這種“關切”傳到浪穹詔主耳中,更是坐實了他的猜疑,認為刀圭果然暗中搭上了吐蕃的高枝,想要取自己而代之!他對刀圭的壓制和提防變得更加露骨,甚至開始暗中削減對其部隊的補給。
浪穹軍內部,已是人心惶惶,派系分明,戰鬥力大打折扣。
就在浪穹與蒙舍在前線血肉相磨之時,皮邏閣的“殘影”卻進入了前所未有的“黃金時代”。
鷸蚌相爭,漁翁得利。
皮邏閣嚴格遵循著與唐朝王判官那心照不宣的協議,不再輕易對蒙舍詔的核心目標動手,而是將全部的貪婪目光,投向了浪穹詔那條因為戰事激烈而變得更加脆弱、更加混亂的後勤線!
得到了唐朝默許(甚至可以說是縱容)的“殘影”,行動更加大膽和高效。
他們不再是偷偷摸摸的劫掠,有時甚至近乎半公開的截殺!
一支滿載著吐蕃援助糧草的浪穹運輸隊?劫!
一隊護送傷兵返回後方的浪穹小隊?滅!
甚至一個浪穹詔貴族前往前線勞軍的、帶著金銀財寶的車隊?照搶不誤!
“殘影”的隊伍在實戰中飛速成長,裝備越來越精良(大量換裝了繳獲的吐蕃和浪穹裝備),戰術越來越刁鑽,心腸越來越狠辣。他們來去如風,行蹤詭秘,對地形的利用達到了極致。浪穹軍派出的清剿部隊往往連他們的影子都摸不到,反而經常被引入陷阱,損失慘重。
大量的糧食、軍械、藥材、金銀…被源源不斷地運回裂谷巢穴。
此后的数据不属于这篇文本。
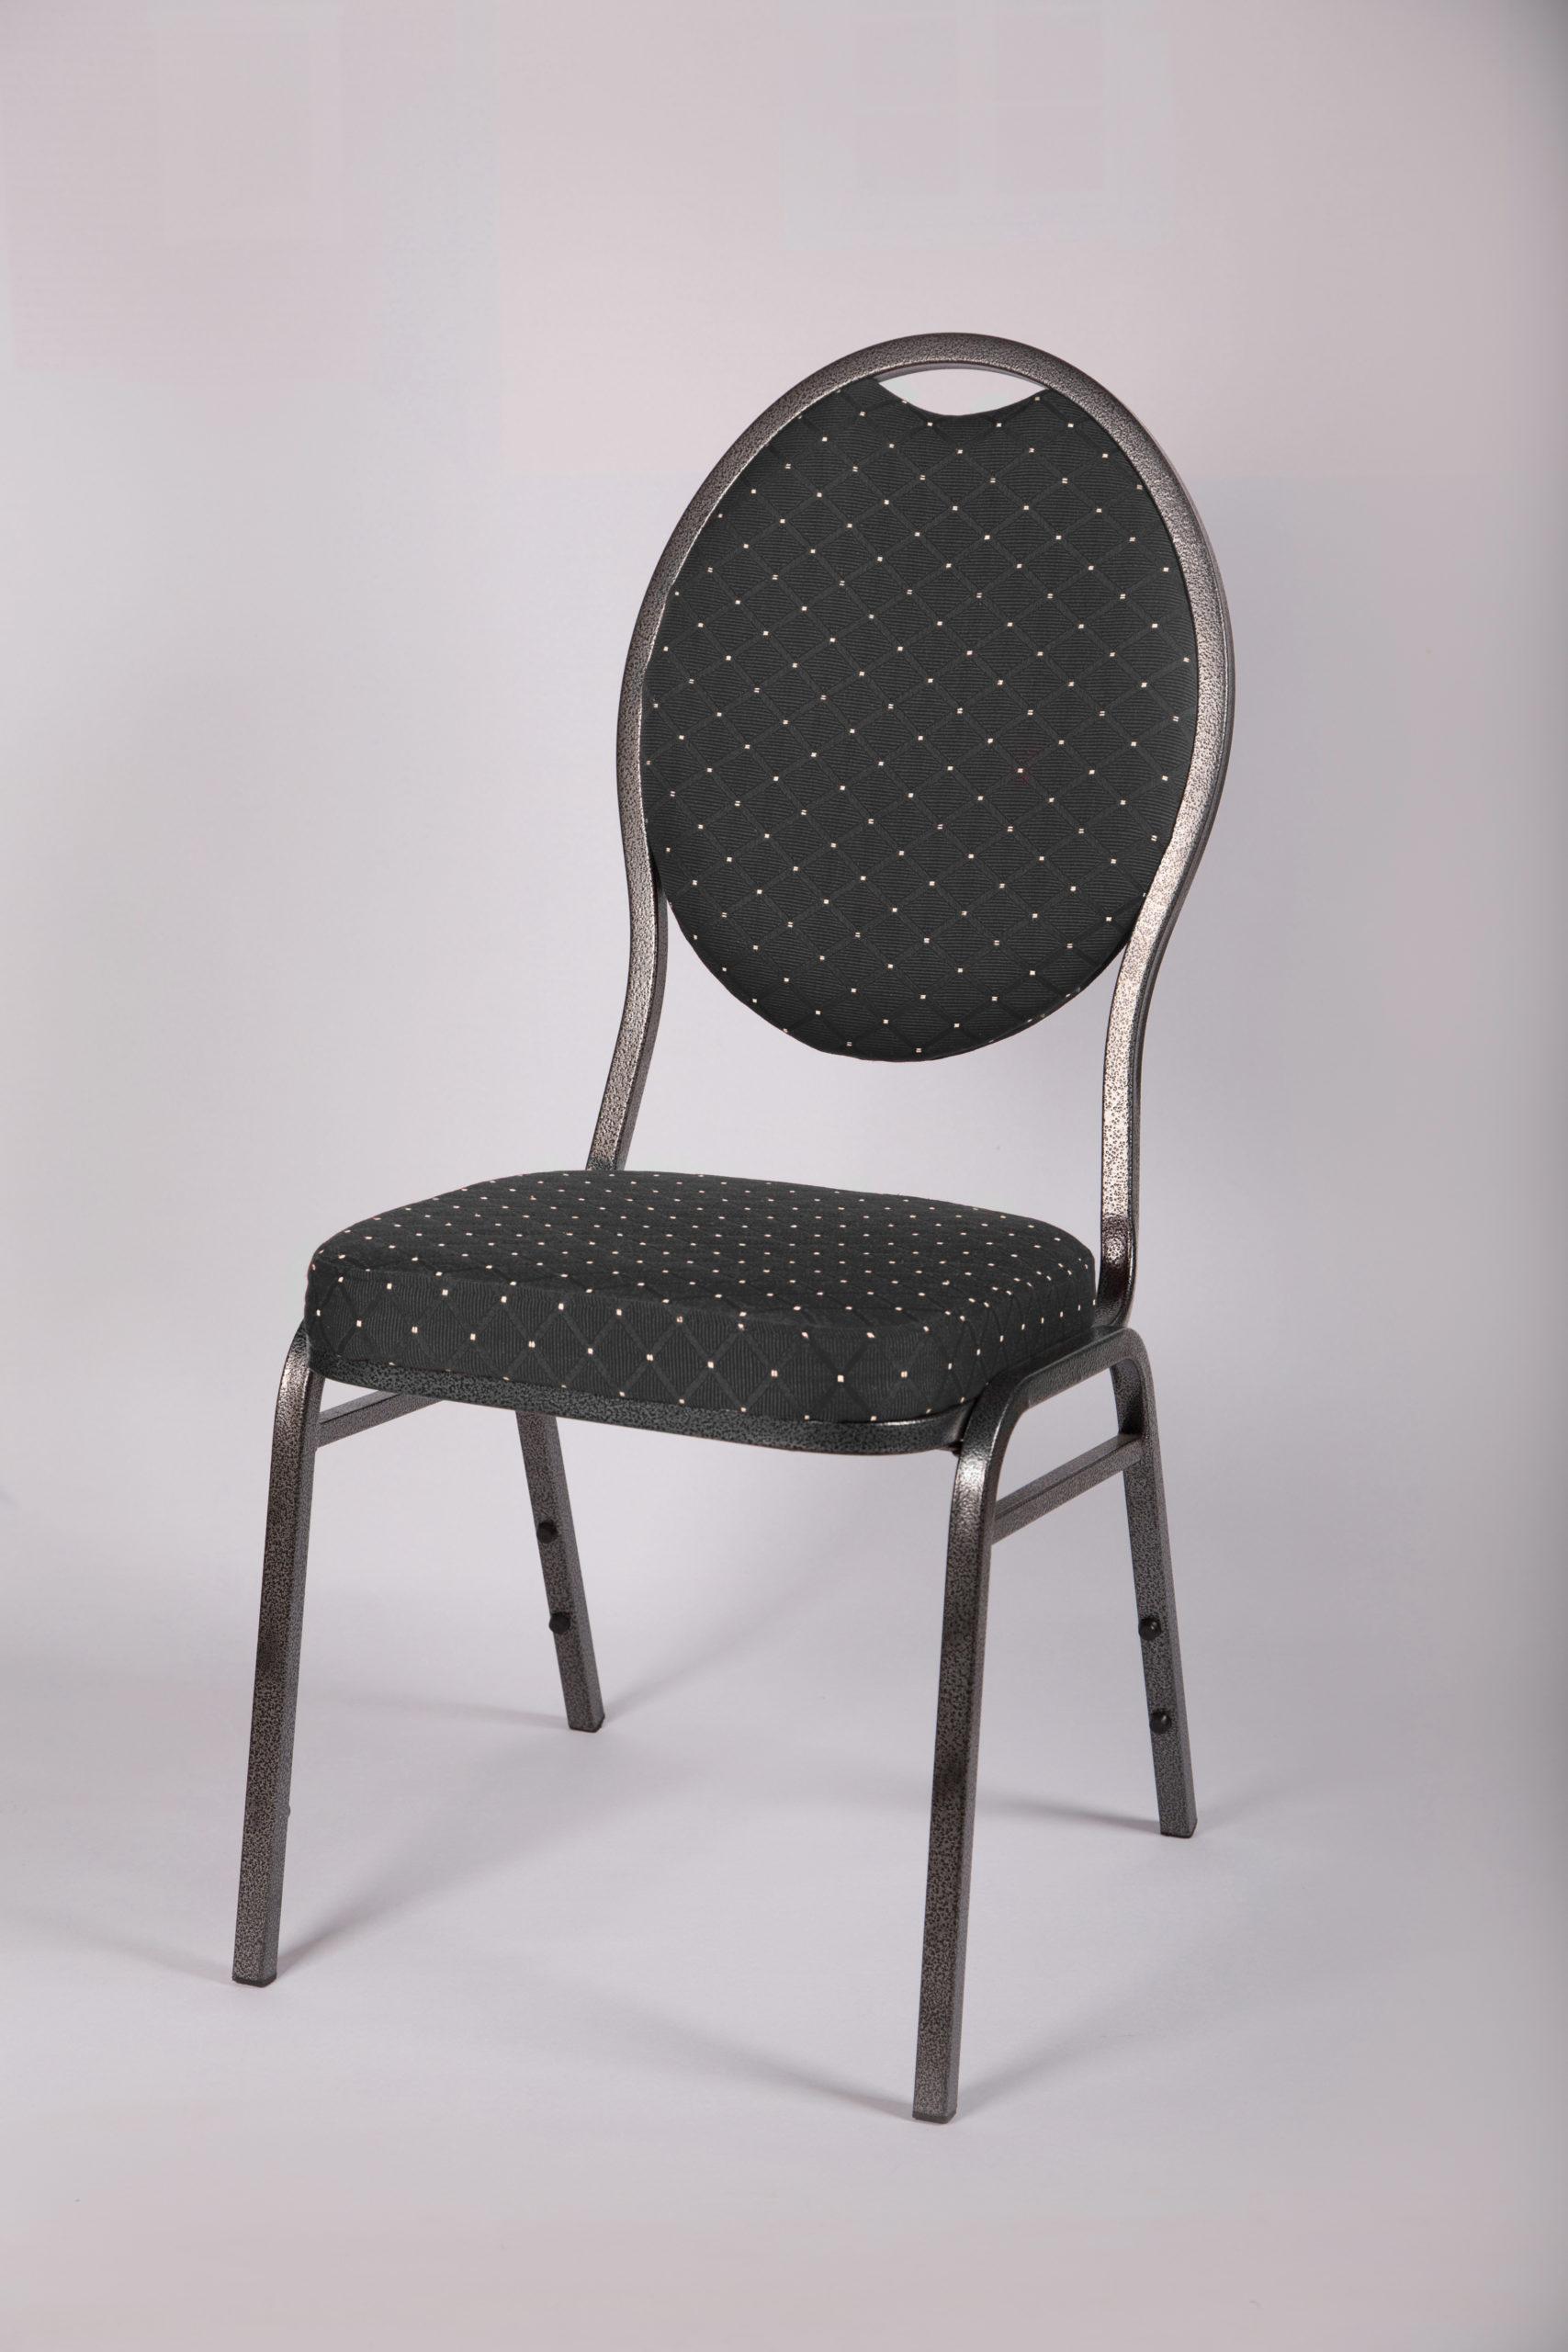 Bankettstuhl Stuhl gepolstert schwarz

皮邏閣甚至開始有計劃地囤積一些一時用不上的貴重物品,作為日後發展的資本。
更重要的是,隨著一次次成功的行動,“殘影”的兇名和神秘色彩在浪穹乃至蒙舍底層士兵和邊境民眾中迅速傳播開來。人們恐懼地稱他們為“食屍鬼”、“影子軍隊”,傳言他們有三頭六臂,能遁地飛天。
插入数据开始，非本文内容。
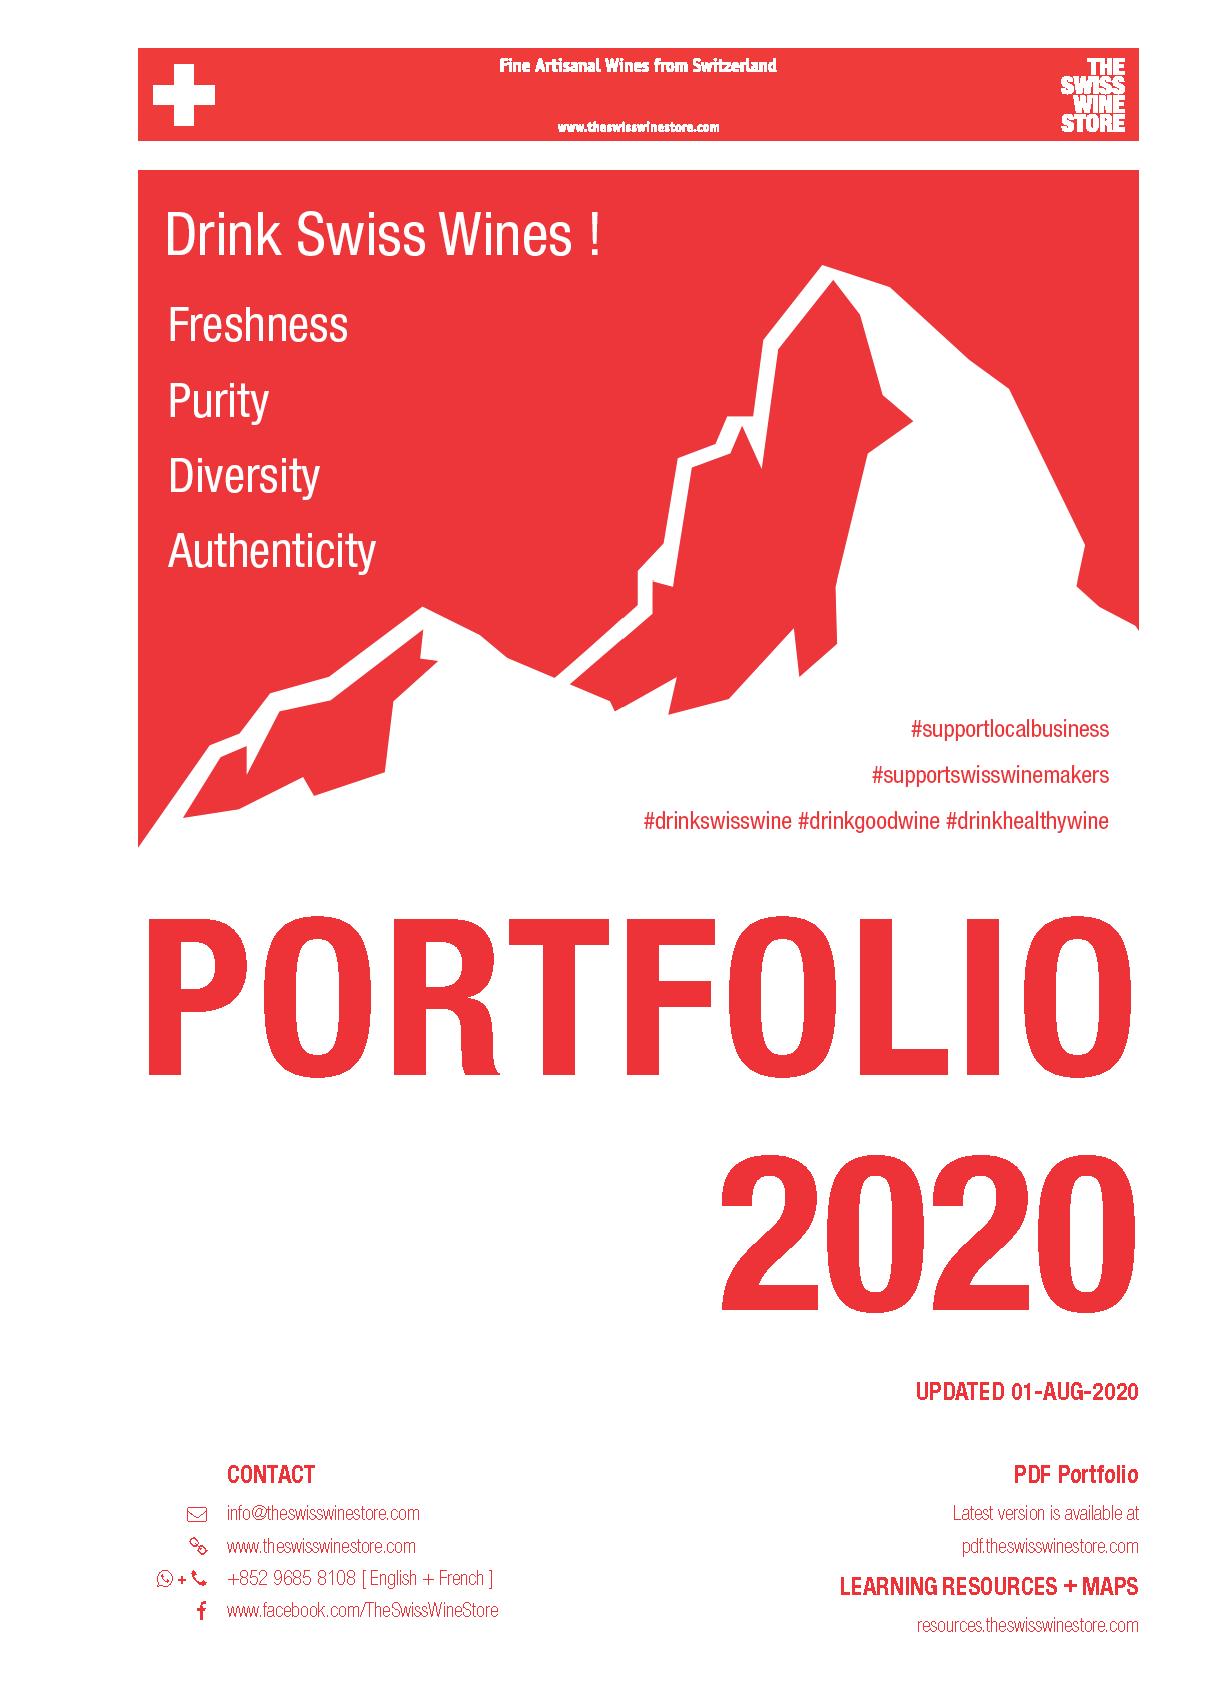 tsws_wine_portfolio_A4_2020-04.png

這種名聲帶來了一種意想不到的效果——一些在戰爭中失去一切、走投無路的浪穹潰兵、甚至小股對詔主失望的部落武裝,開始主動尋找並試圖投靠“殘影”!
皮邏閣對此來者不拒,但審查極其嚴格。他需要的是真正的戰士和忠誠,而不是烏合之眾。透過篩選的人被補充進隊伍,進一步壯大了“殘影”的力量。隊伍的人數悄然突破了三百,並且成分不再單一,形成了以最初核心為骨幹、吸納各方精銳的模式。
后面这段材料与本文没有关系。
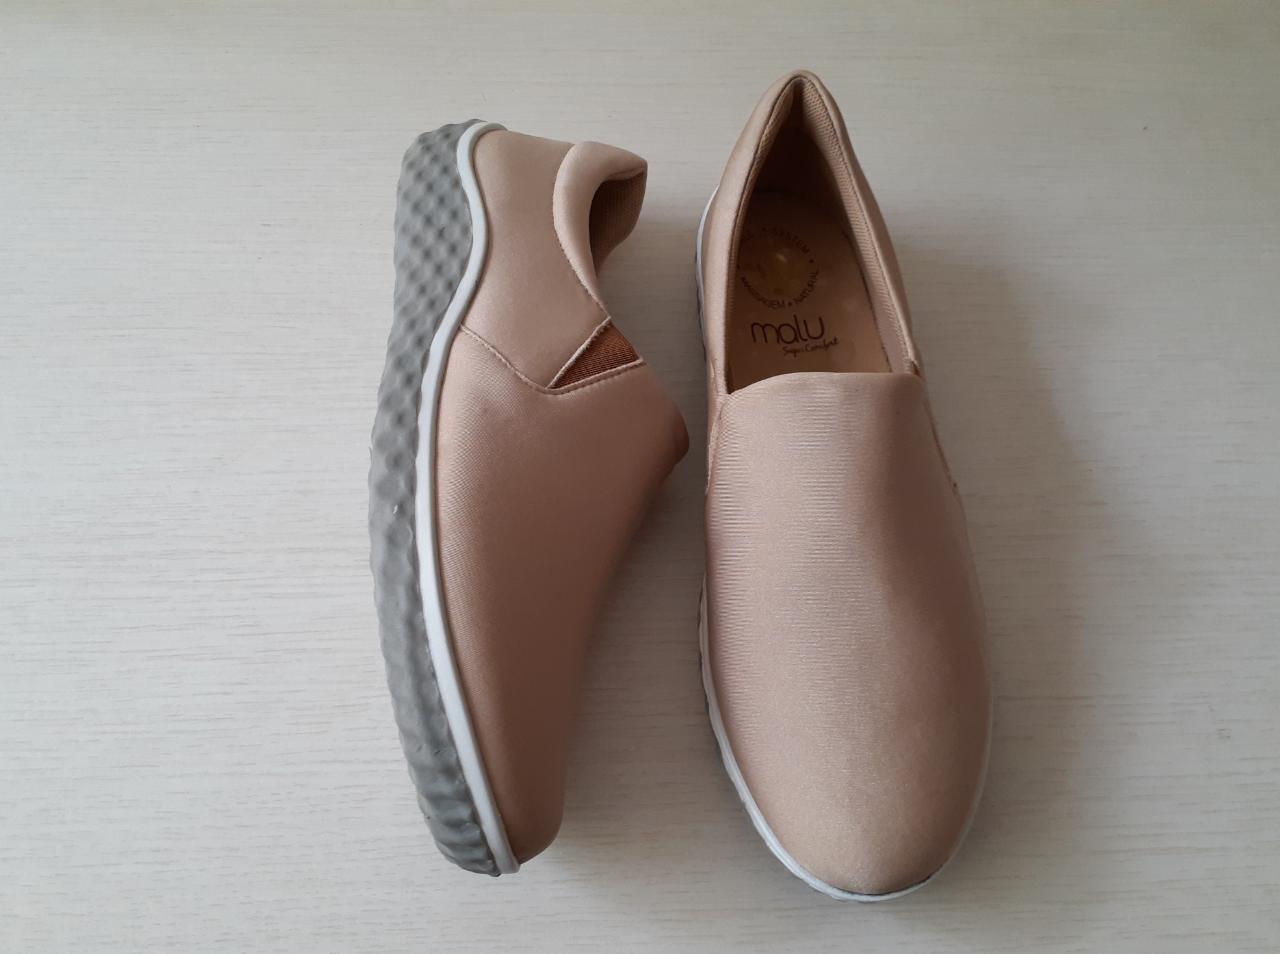 Sapatênis Comfort Malu

皮邏閣的威望在隊伍中達到了頂點。他不僅是智慧的象徵,更是勝利和生存的保證。他的每一個命令都被不折不扣地執行。
然而,皮邏閣並沒有被勝利衝昏頭腦。他深知,自己目前的“好日子”完全建立在浪穹和蒙舍激烈衝突的基石上。一旦一方徹底倒下,或者唐朝改變態度,他的處境將瞬間變得極其危險。
他必須利用這段寶貴的時間,做更多準備。
“巖嘎,抽調一批機靈可靠的老人,單獨組成一隊。他們的任務不是劫掠,是滲透。”皮邏閣在地牢中吩咐道,“混入浪穹和蒙舍的潰兵流民中,進入他們的城市和鄉村。不需要他們做甚麼,只需要看,只聽,記住一切有用的資訊——物價、民怨、官員腐敗、軍隊調動…任何細節。”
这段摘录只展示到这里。